#### [Try it]
Print, from the listing below, the lines starting at the line containing "Gucci x Adidas" and ending at the line containing "Vintage Labelsroyal Design", exactly as they stand, and print nothing else.

#### [Raw data]
_____
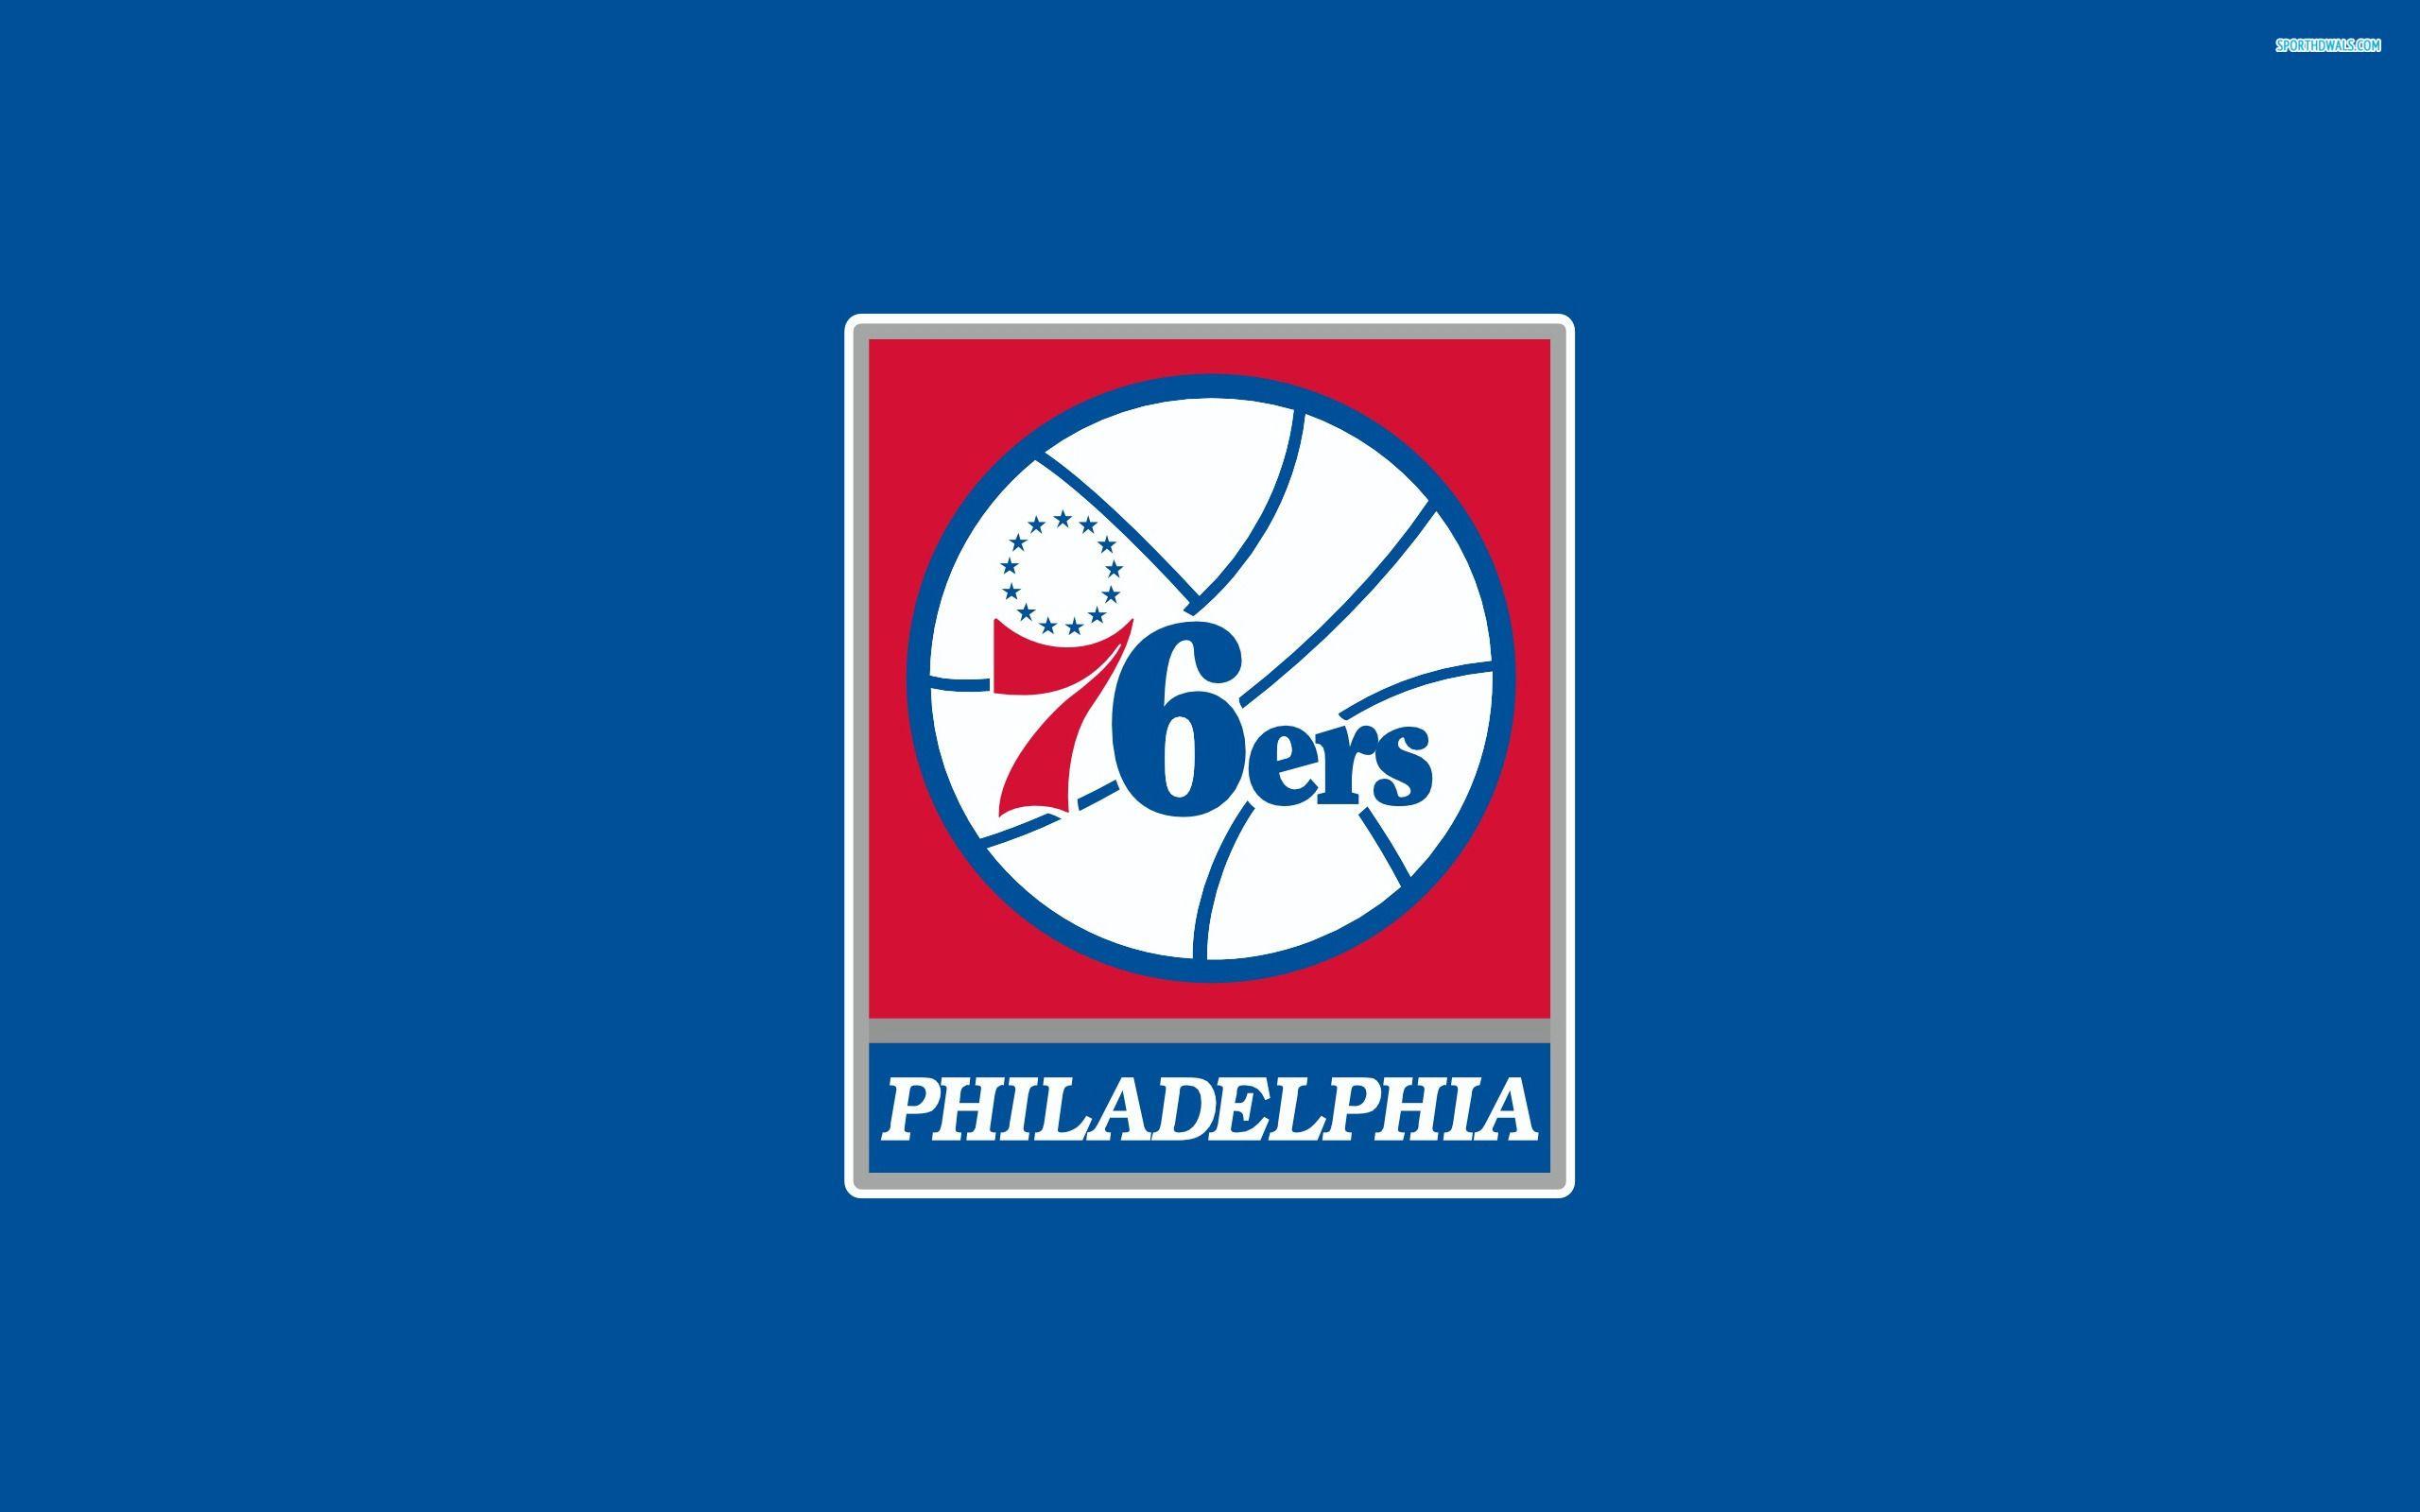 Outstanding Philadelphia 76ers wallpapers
_____
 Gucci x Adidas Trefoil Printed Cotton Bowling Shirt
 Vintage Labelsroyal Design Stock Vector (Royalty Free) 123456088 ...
_____
#### [Exercise solution]
 Gucci x Adidas Trefoil Printed Cotton Bowling Shirt
 Vintage Labelsroyal Design Stock Vector (Royalty Free) 123456088 ...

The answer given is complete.